• [TO DO]:
The pictures in the data below are to be omitted; all else must be duplicated exactly.

• [DATASET EXCERPT]:
[Start of section]
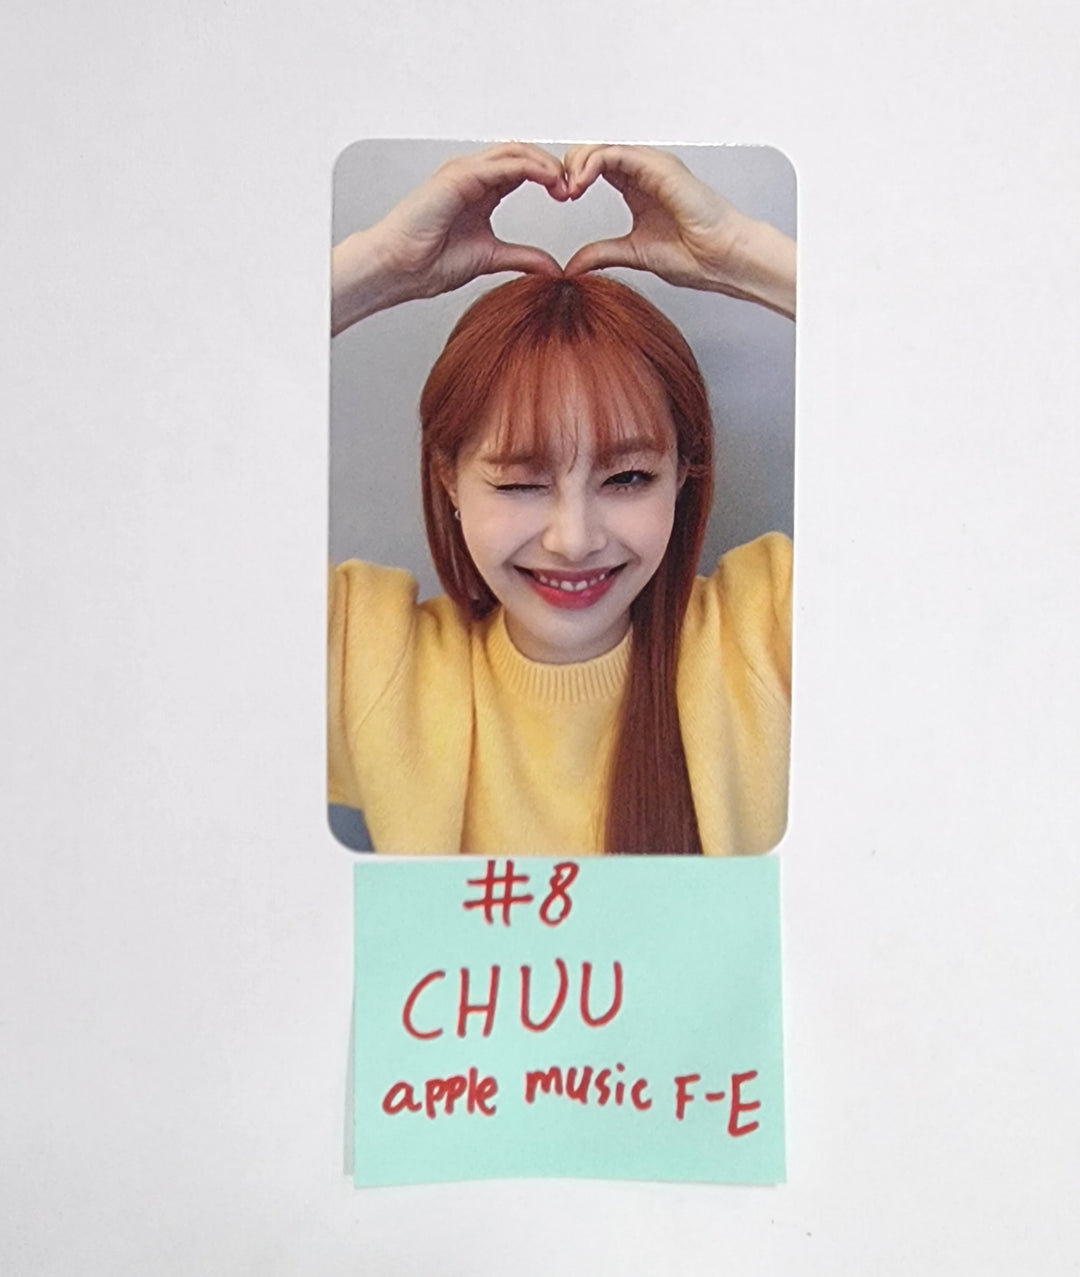 CHUU "Howl" - Apple Music Fansign Event Photocard [23.11.01]
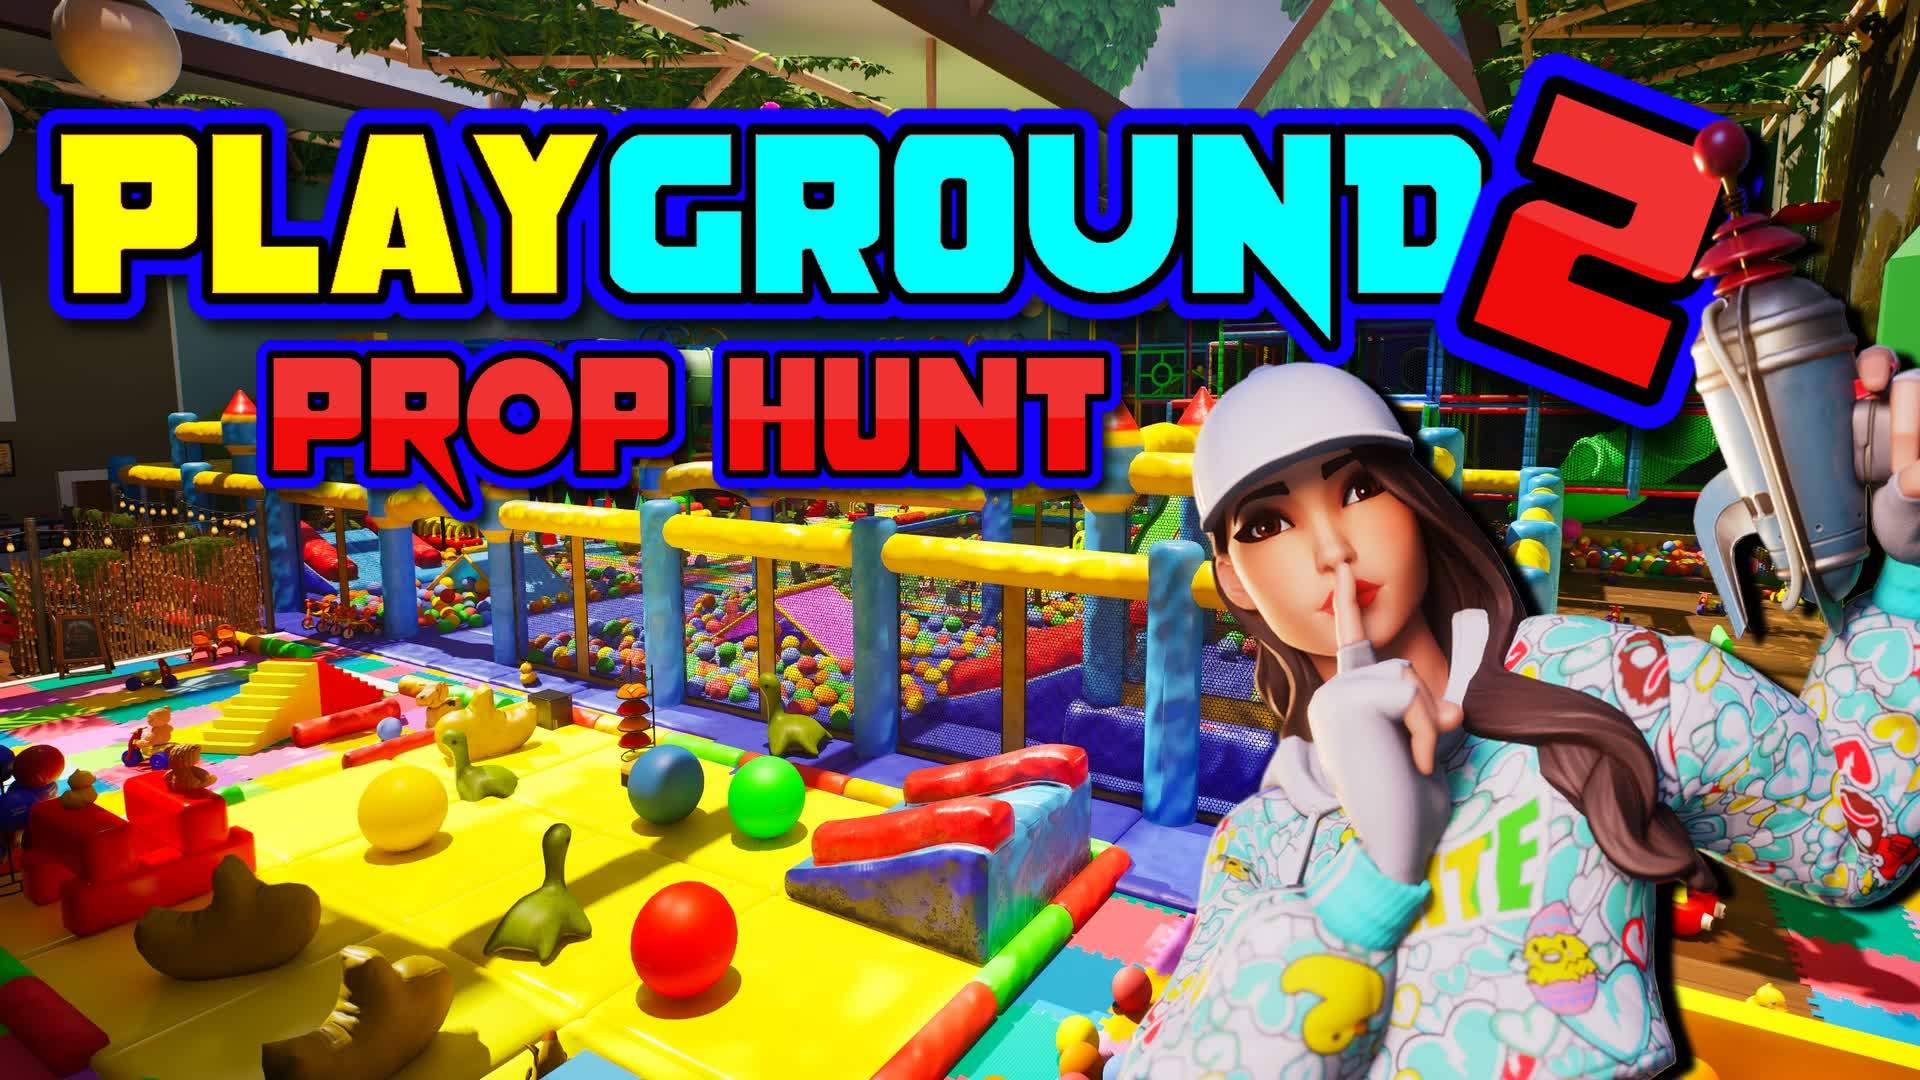 Playground2 - Prop hunt👀
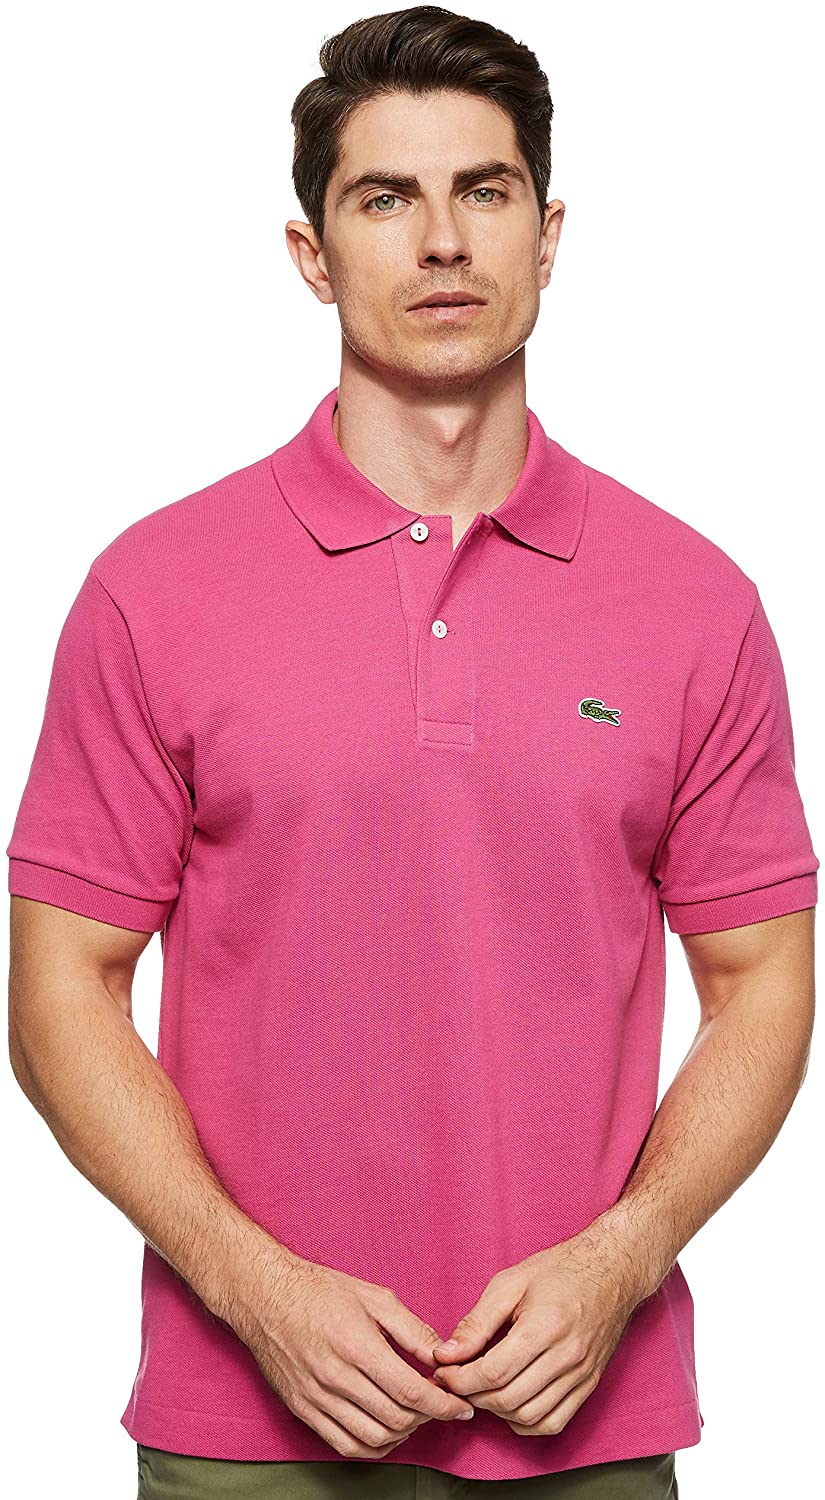 Lacoste Men's Legacy Short Sleeve L.12.12 Pique Polo Shirt
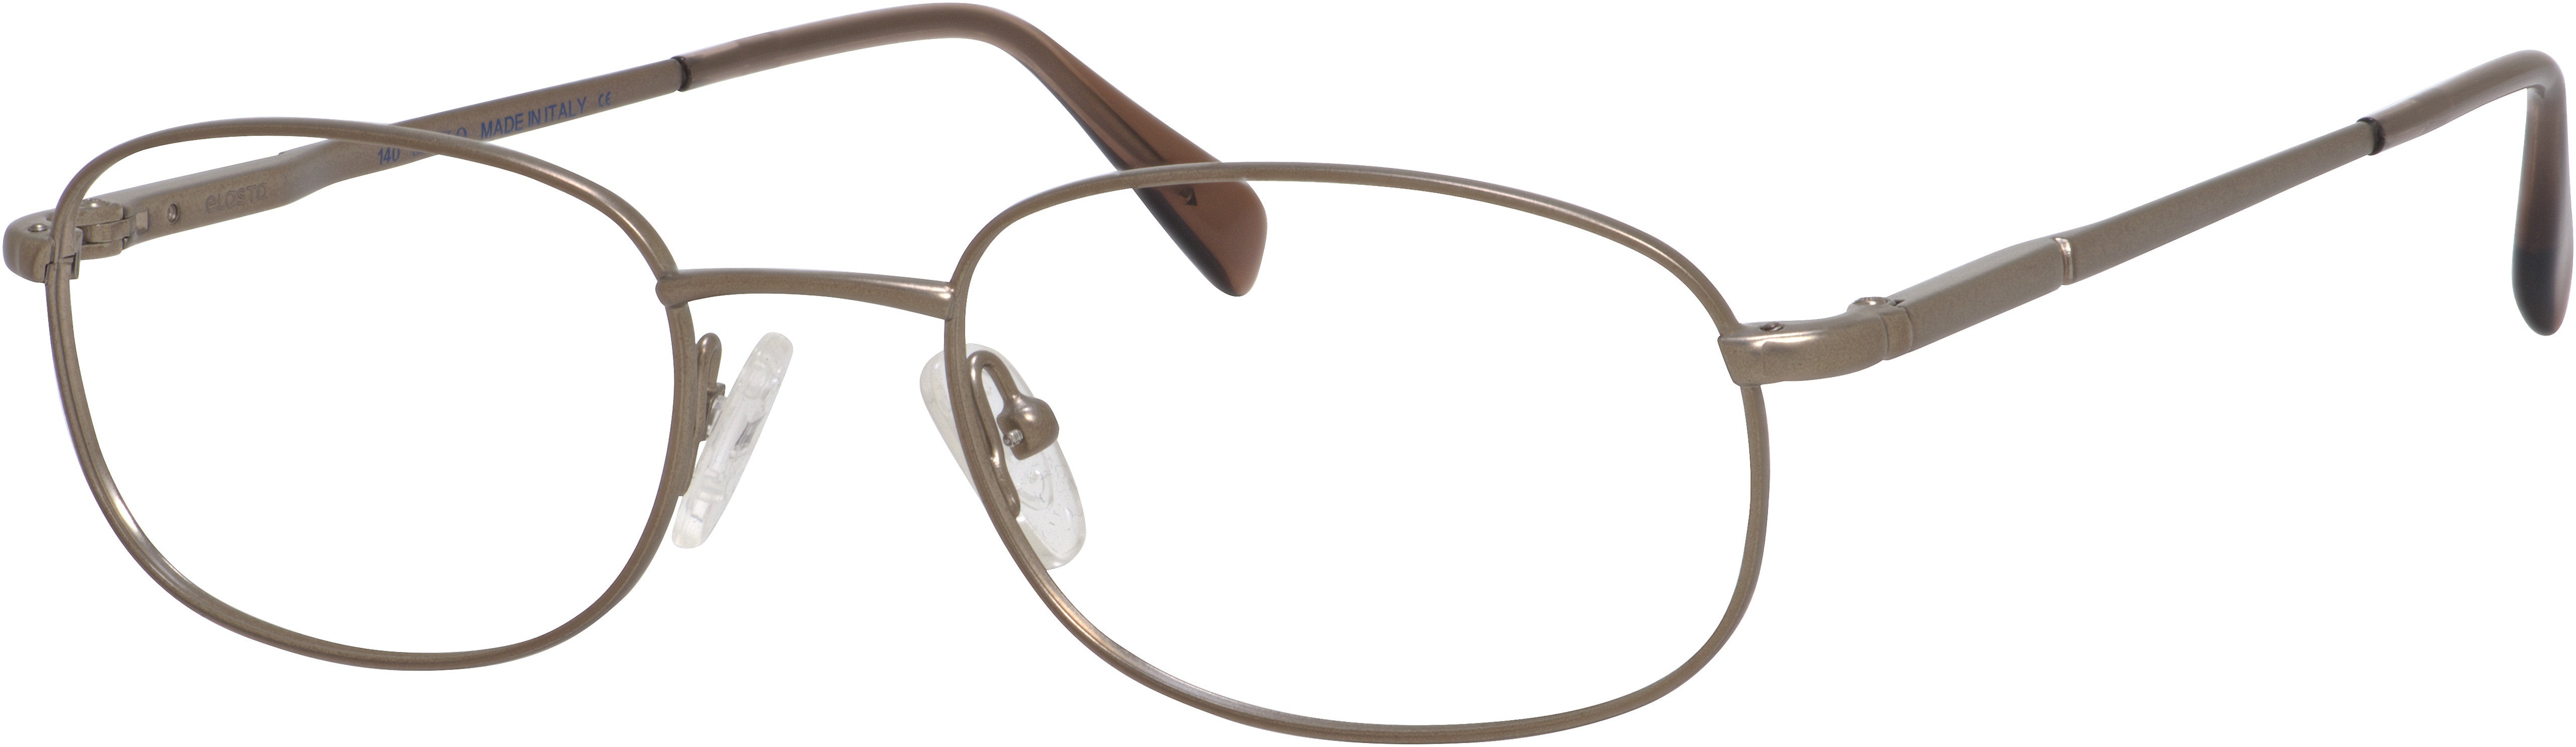  Elasta 7058 Rectangular Eyeglasses 0R50-0R50  Gold Ash (00 Demo Lens)
[End of section]
• [EXERCISE OUTPUT]:
 CHUU "Howl" - Apple Music Fansign Event Photocard [23.11.01]
 Playground2 - Prop hunt👀
 Lacoste Men's Legacy Short Sleeve L.12.12 Pique Polo Shirt
  Elasta 7058 Rectangular Eyeglasses 0R50-0R50  Gold Ash (00 Demo Lens)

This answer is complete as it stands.